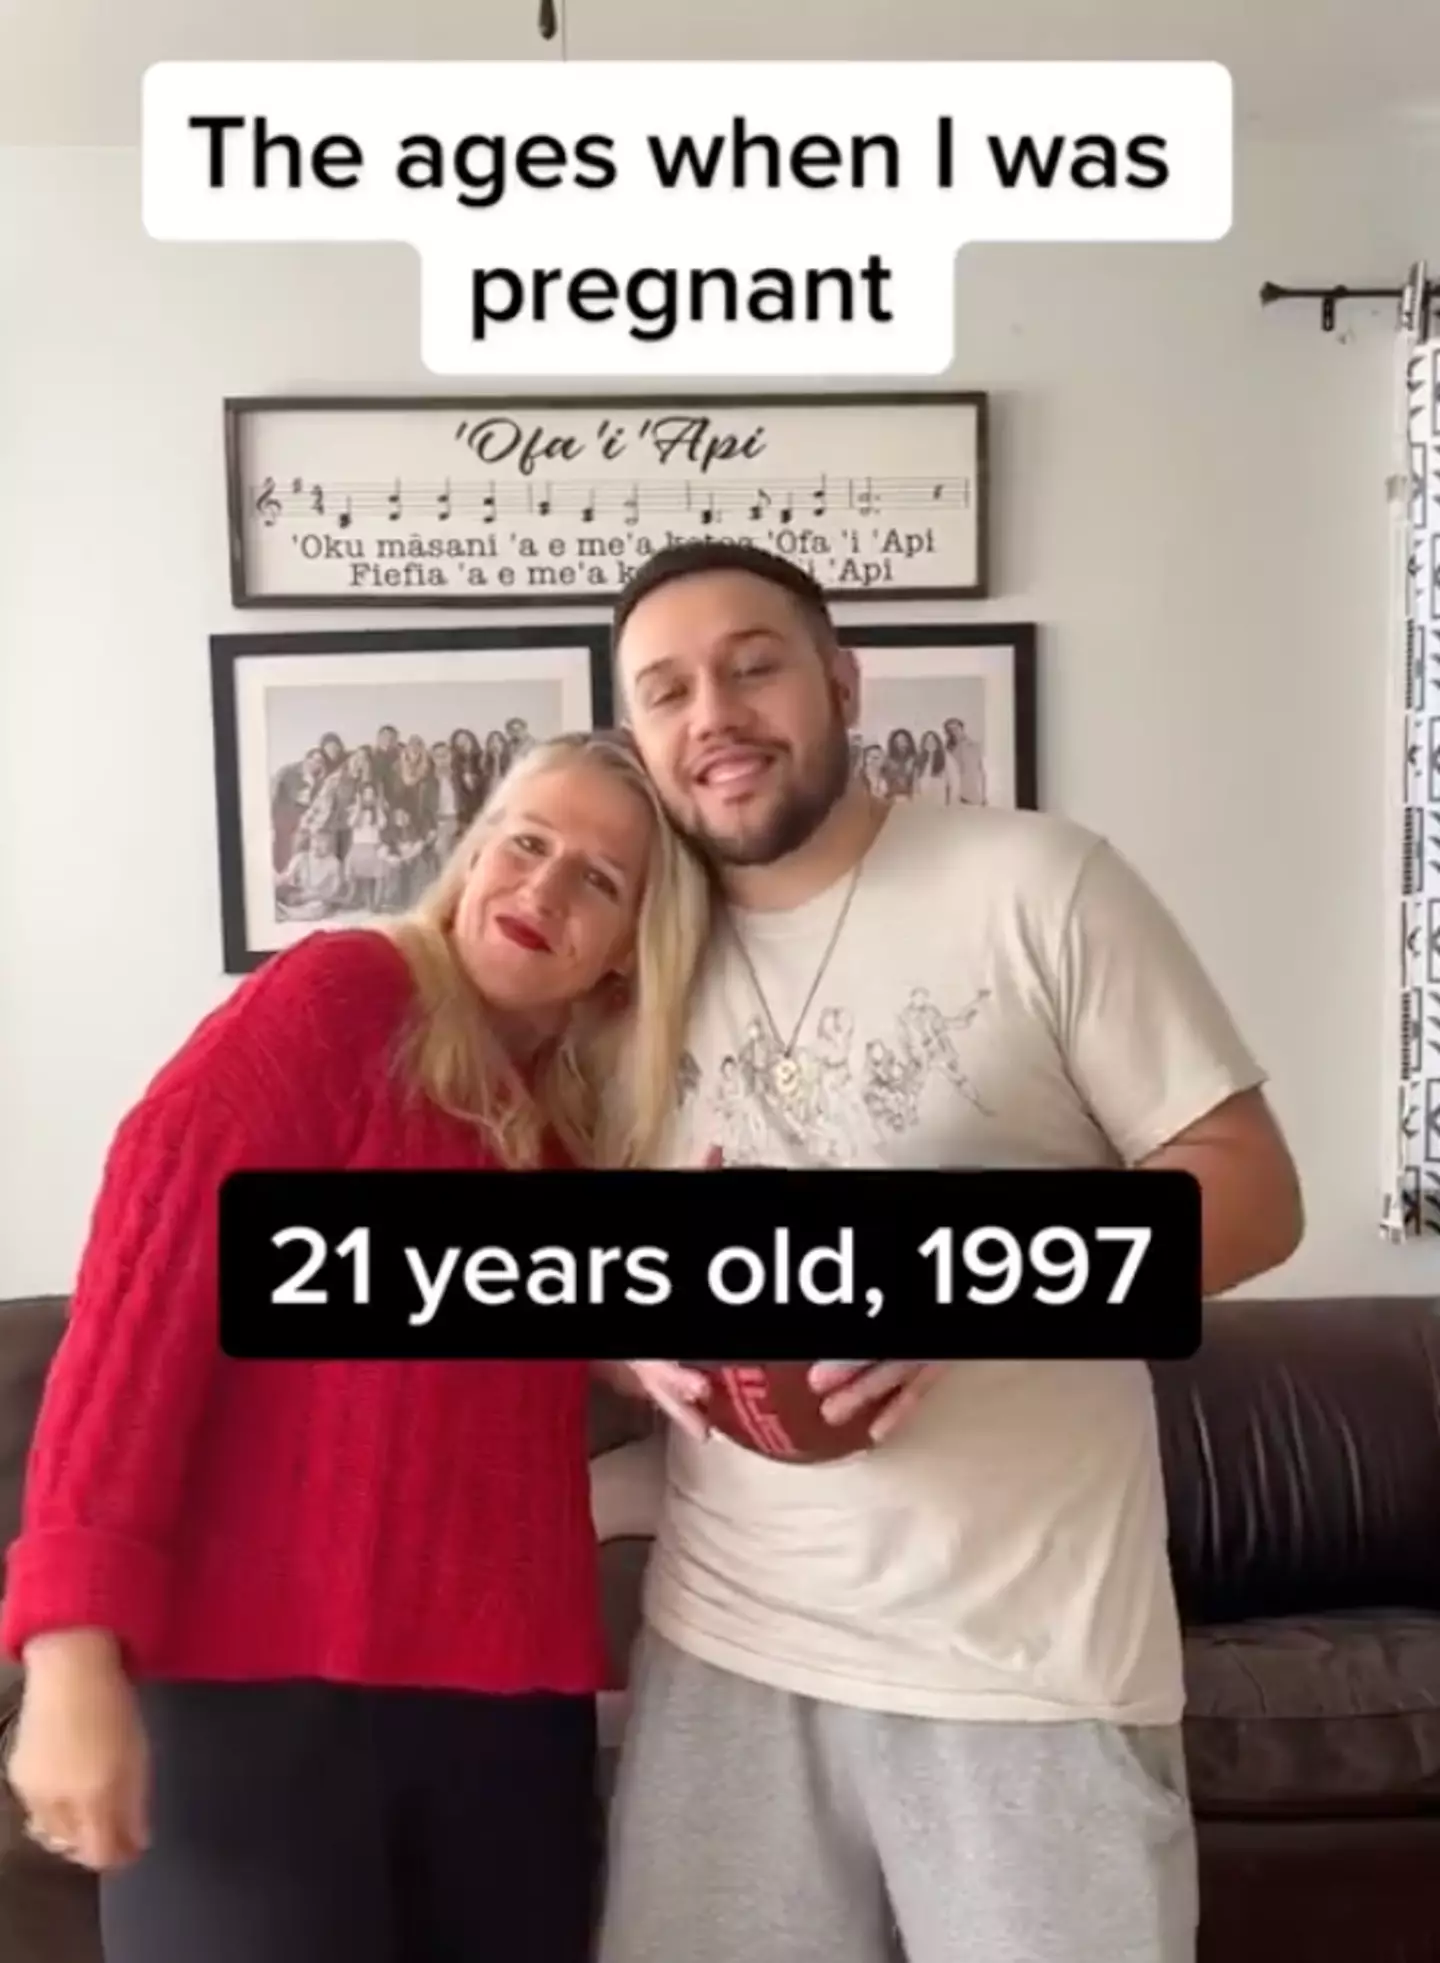 Sarah has been pregnant across 21 years of her life.
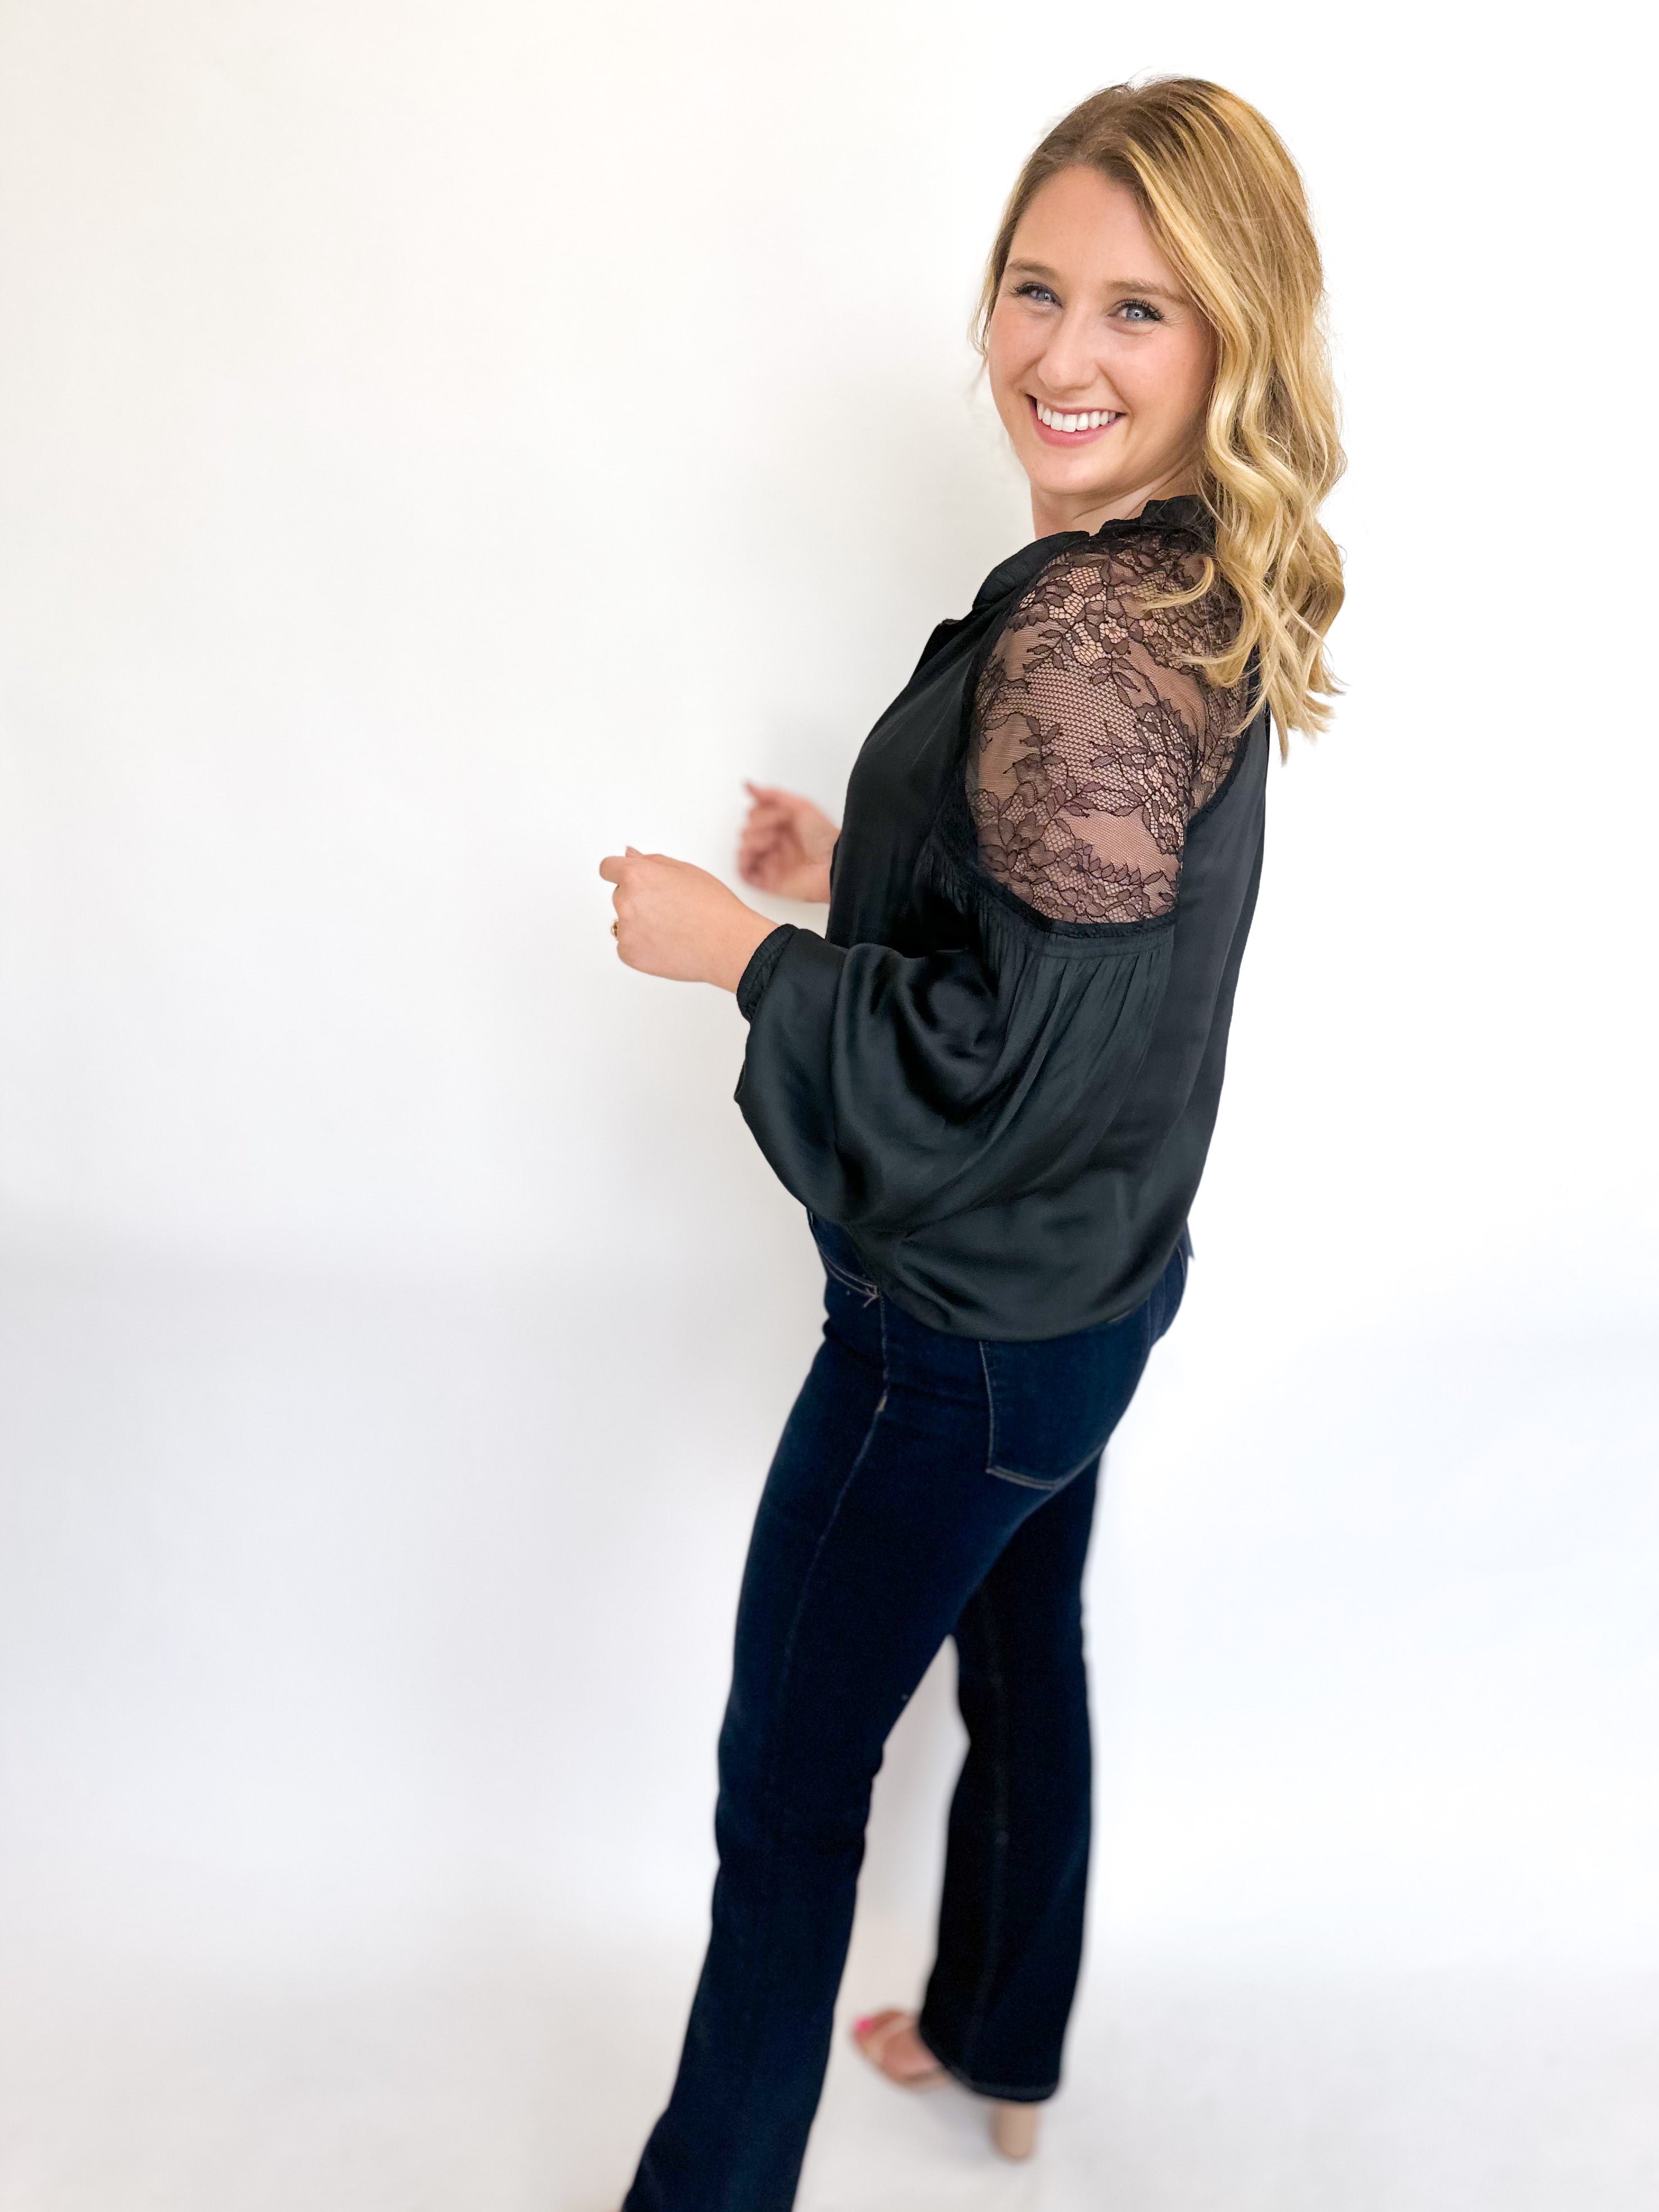 Lace Shoulder Blouse- Black-200 Fashion Blouses-CURRENT AIR CLOTHING-July & June Women's Fashion Boutique Located in San Antonio, Texas
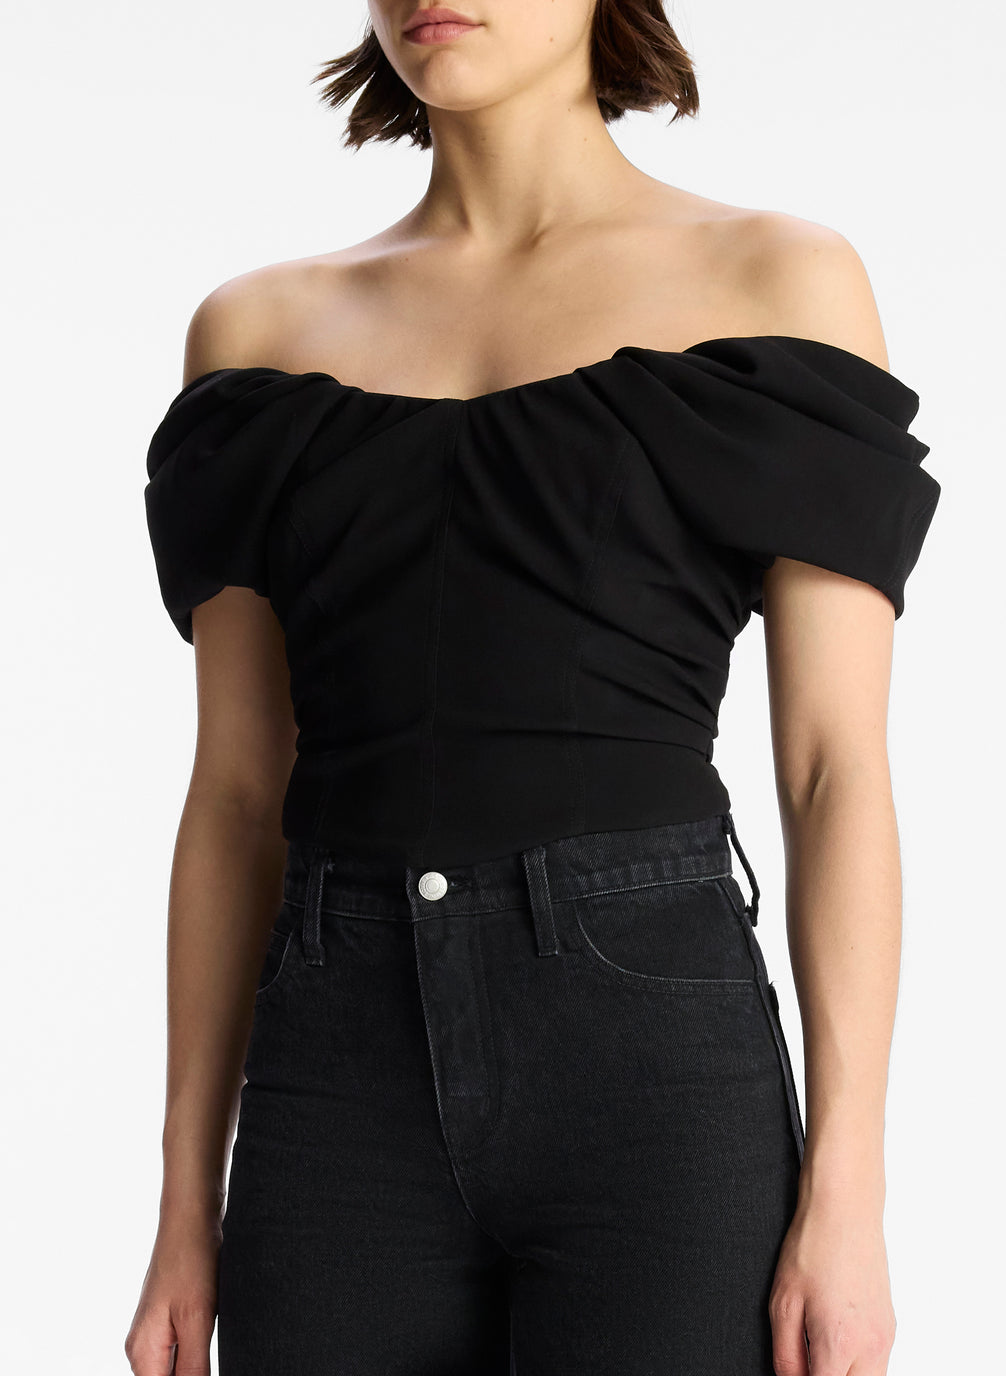 detail view of woman wearing black off shoulder puff sleeve top and dark wash denim jeans
_ _ _ _
Exercise requirements:
Please repeat everything in the data above except the pictures, exactly as it reads.

Your response:
 Sarah has been pregnant across 21 years of her life.
 Lace Shoulder Blouse- Black-200 Fashion Blouses-CURRENT AIR CLOTHING-July & June Women's Fashion Boutique Located in San Antonio, Texas
 detail view of woman wearing black off shoulder puff sleeve top and dark wash denim jeans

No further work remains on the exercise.